The best part of saving is that when you’ve done it for a long time, it becomes automatic. In fact, it’s almost impossible not to save, when you’ve gotten used to it.
Simply put, to be able to save is the way to achieve pretty much all your financial goals.
Borrowing
When you borrow money, the most important thing is to know the difference between good debt and bad debt. Good debt is what brings you wealth in the long term and increases your overall well-being.
Good debt includes things like mortgages, business loans, and educational debts like student loan debt.
What they all have in common is that they include some form of a long-term goal. For example, a goal for a better job, a better house, or building a business.
Bad debt, on the other hand, is an expensive form of debt that is mostly used in buying stuff. By far the most common form of bad debt is credit card debt.
While there are differences between credit and debit cards, it’s safe to say that credit card debt and overdraft fees are universally extremely expensive. Combined with common expenses like student loan payments and such, they start to quickly add up.
Investing
A major part of becoming financially literate is to become an investor. The main idea of investing is to put your money into different assets that are expected to generate profit.
If you wish to become financially independent or create any amount of real wealth, you usually need some form of investing.
This is simply because if you keep all your money in your savings account, inflation will eventually erode your savings. Also, the interest rates aren’t usually high enough to really make a difference in your wealth.
While there are numerous different investment assets, this site focuses purely on stocks.
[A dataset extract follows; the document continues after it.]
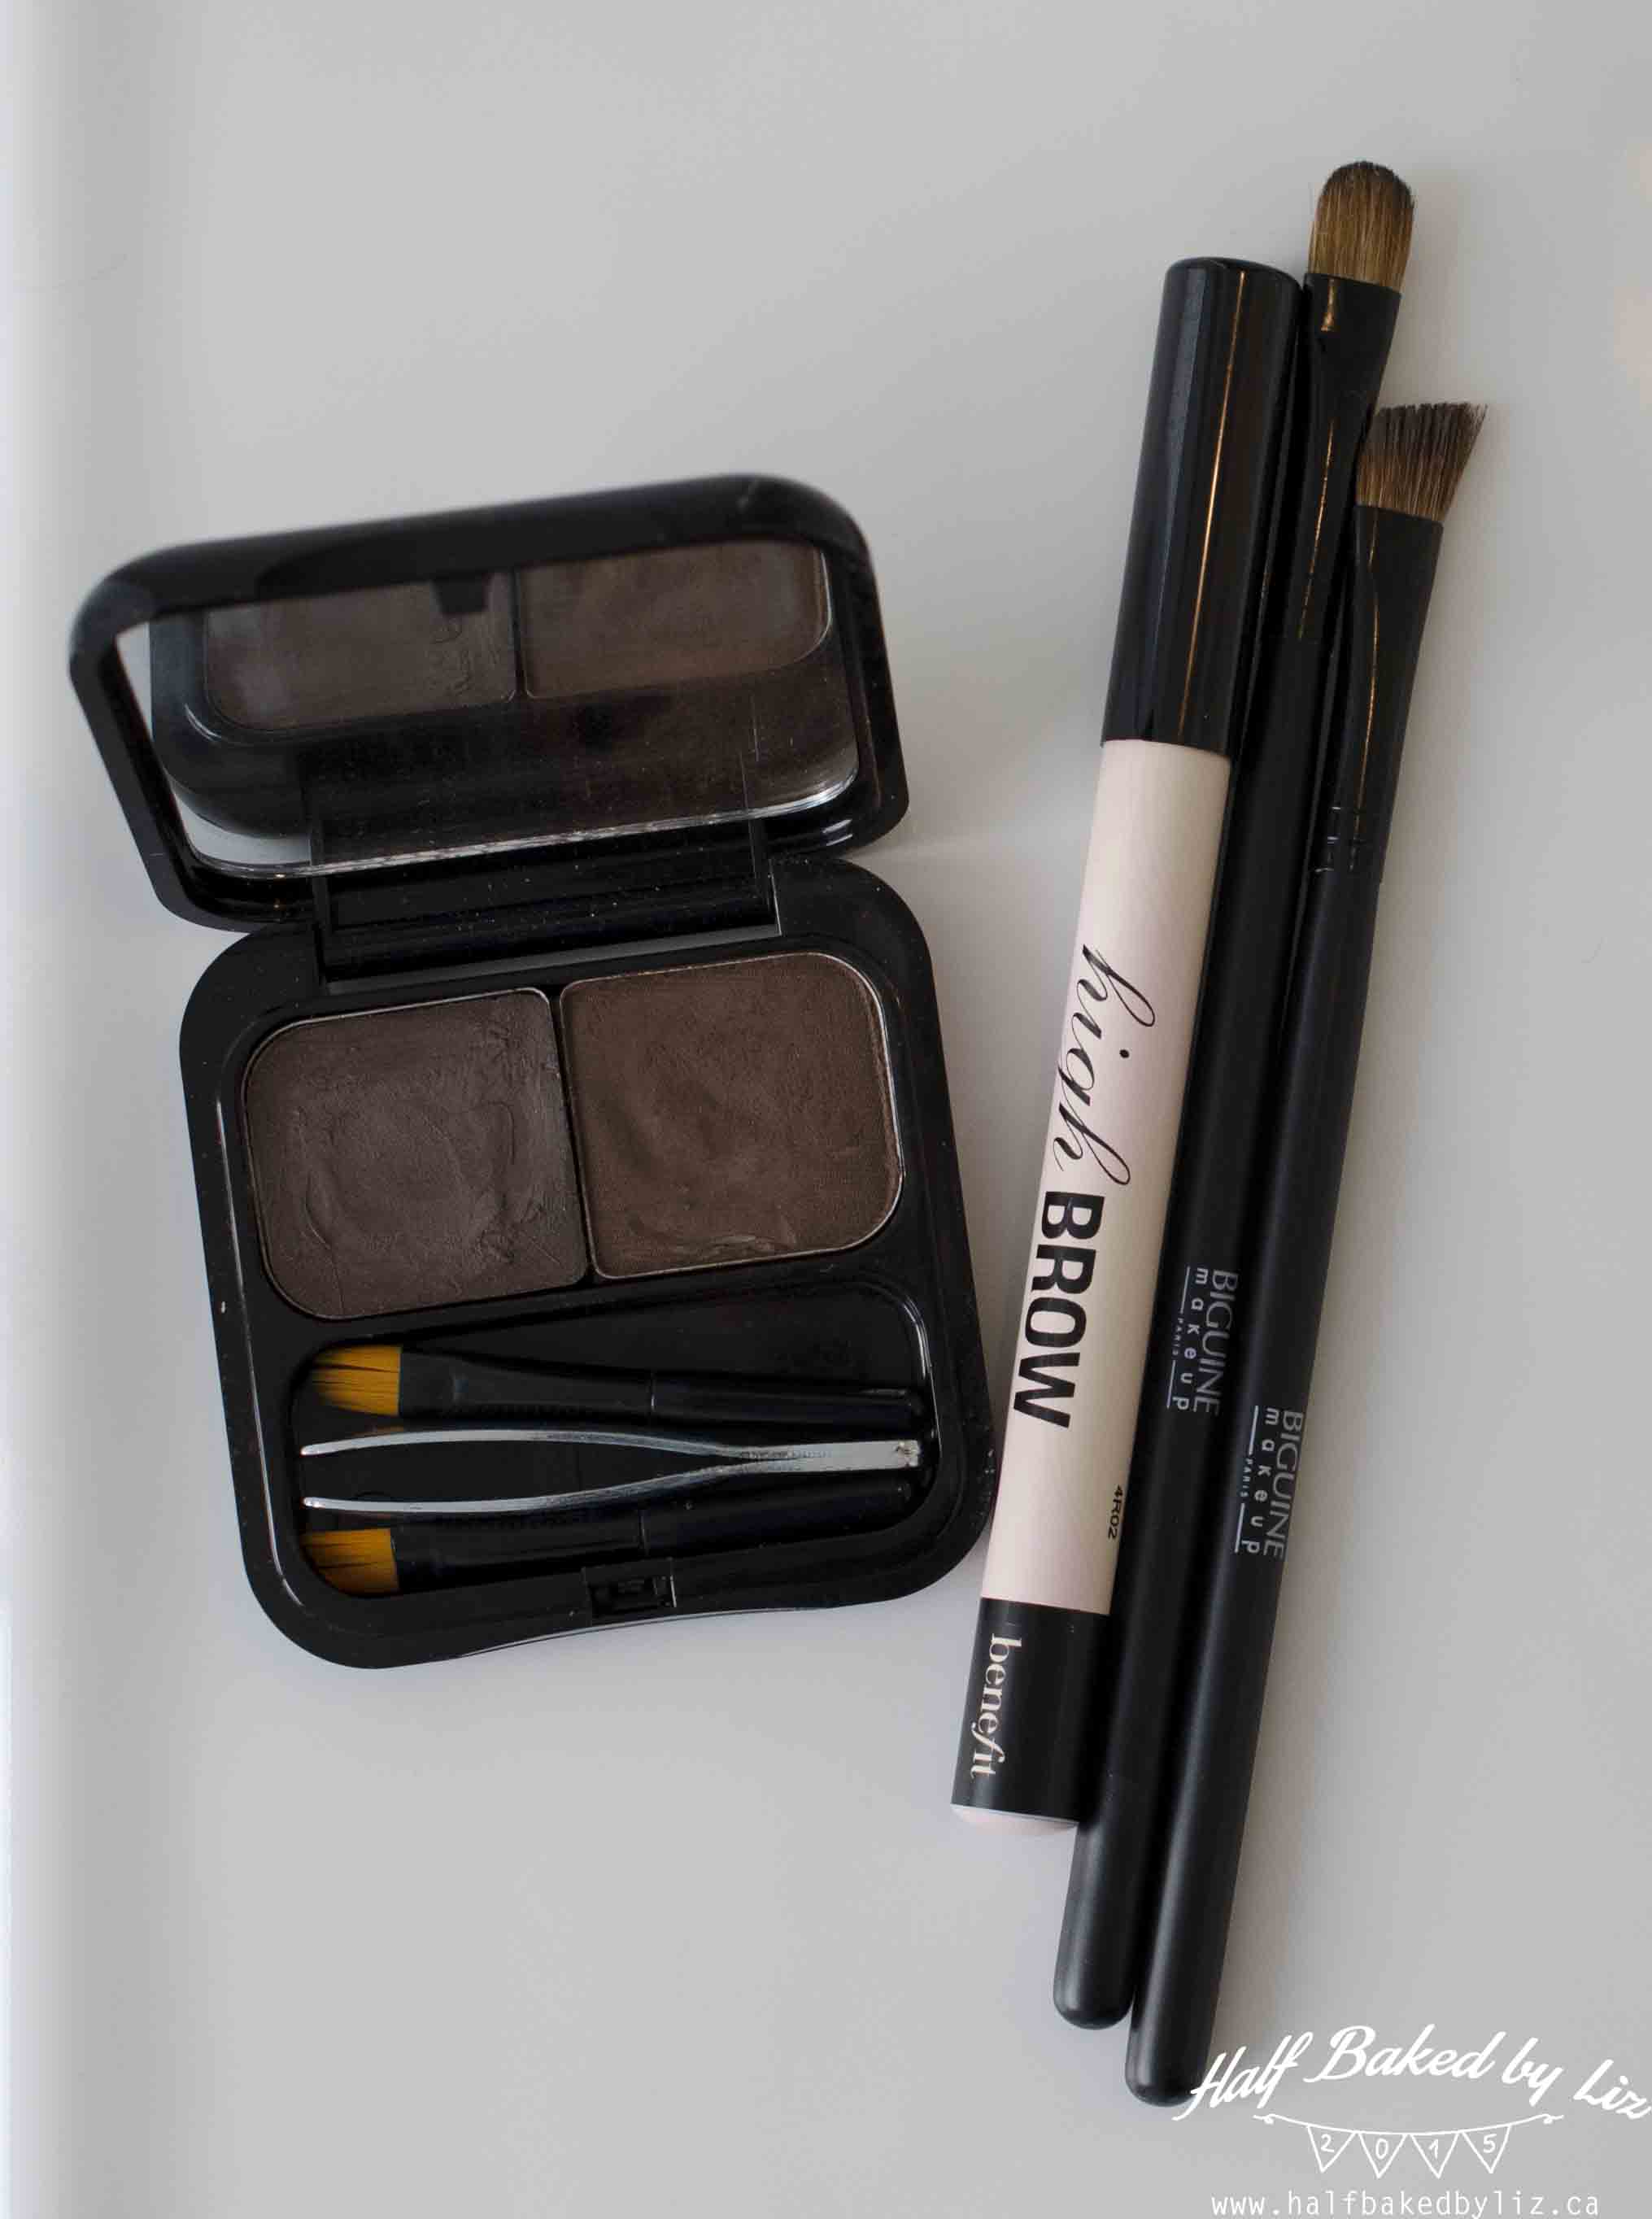 1 - Brow Products

This is because stocks are proven to be the best long-term investments there are.
If you’re new to personal finance and investing, I’d recommend reading these investing books to get you started!
Economy
As a financial advisor and economics major, I (less surprisingly) have a soft spot for economics.
In fact, understanding how our economy works is one of those common knowledge things that everyone should know.
For example, imagine being an investor or a house owner without knowing how the interest rates work or what things affect the housing market.
One thing that is often overlooked when people talk about economics is that knowing how the economy works makes it easier to understand the world around you.
How to Improve Financial Literacy?
The best way to improve financial literacy is to read books, listen to podcasts, watch YouTube, and consult a professional financial advisor.
It should be mentioned that the more information we have available, the more careful we should be about what kind of information we consume.
The number one reason why I prefer books over any other platform is that they are time-tested. If a book is read decade after decade, there’s a good chance it has something useful in it.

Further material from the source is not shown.